Conclusion

Abstract

As promised at the end of the introduction (Section 1.4), the conclusion is that points 1–3 of my thesis have been shown to be true, using a combination of theory, verbal argument, and empirical demonstrations:

For intrinsic hardware evolution:

1. 1.

   Evolution can be allowed to explore circuits that are beyond the scope of conventional design. With their less constrained spatial structure and richer dynamical behaviour, these circuits can be of a different nature to the way electronics is normally envisaged.

• Chapter 3 considered the basic step of abstraction common to all conventional design methodologies. To facilitate design at an abstract level, constraints on the circuit’s structure and/or dynamics must be applied to prevent those aspects of the real semiconductor physics that have been ‘abstracted away’ from influencing the overall behaviour of the system.

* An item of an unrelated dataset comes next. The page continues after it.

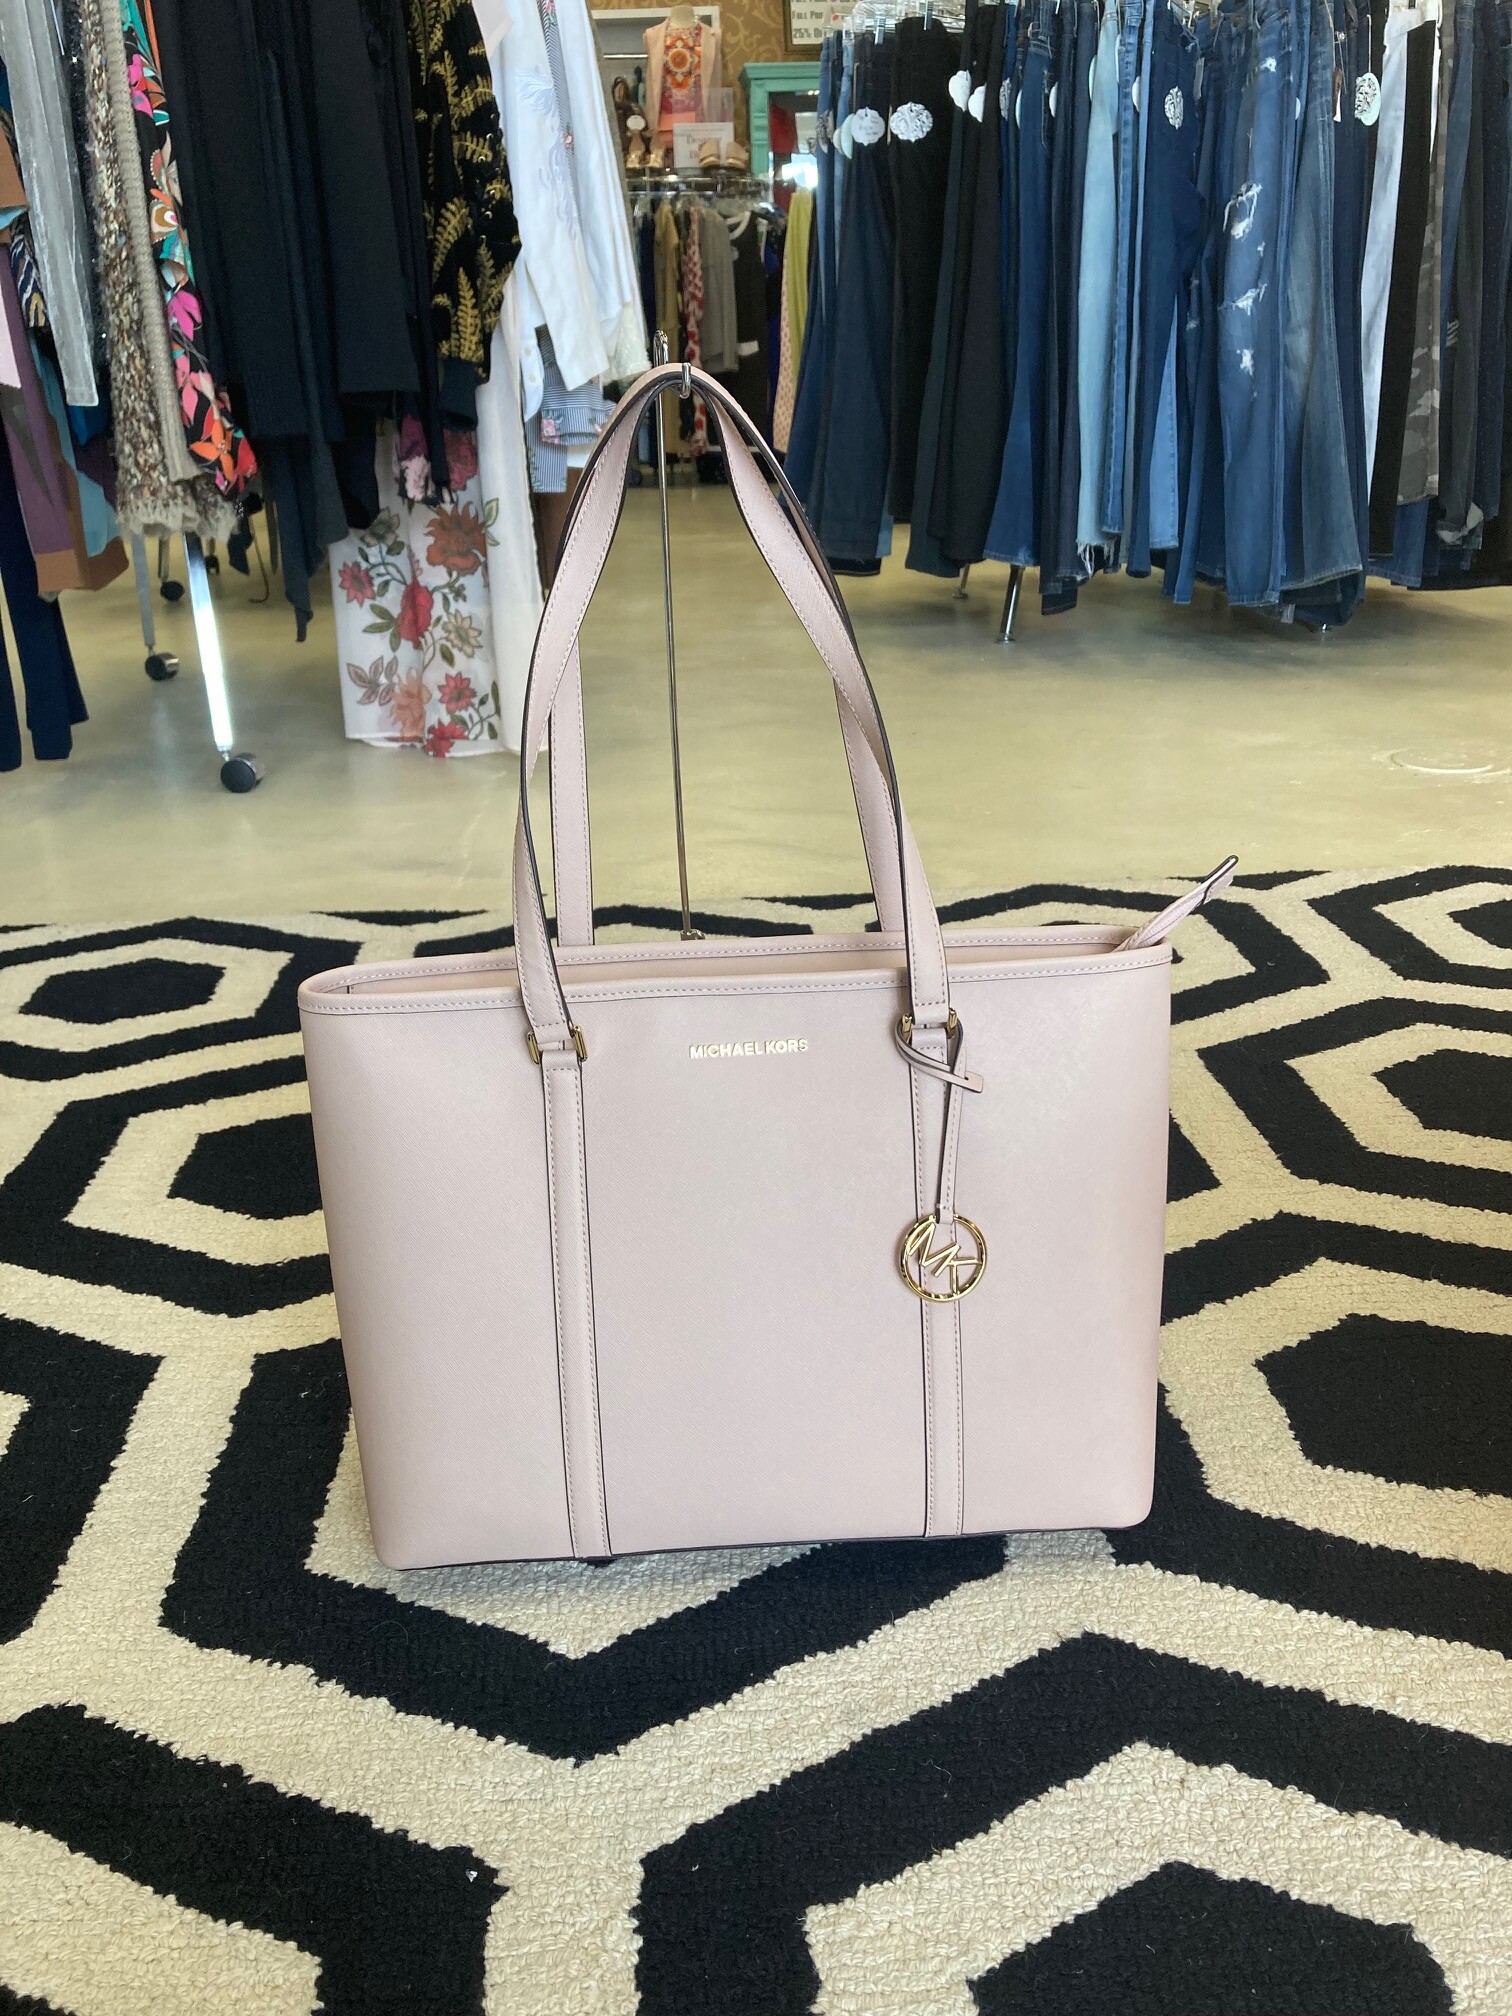 M Kors Purse: Beautiful spring color in perfect condition! Classy Michael Kors style.

• In a pair of experiments in Chapter 3, in which oscillators were evolved in simulation and then on a real FPGA, it was shown that evolution is capable of crafting the dynamics of a complex network of high-speed electronic components to display behaviour on a desired timescale, without the imposition of structural or dynamical constraints. The tone-discriminator experiment of Chapter 5 clearly demonstrated evolution’s ability to explore rich structures and dynamical behaviours that are obviously radically different to those produced by conventional design, but yet which achieve the desired behaviour perfectly.

• This first point of the thesis has thus been shown to be true.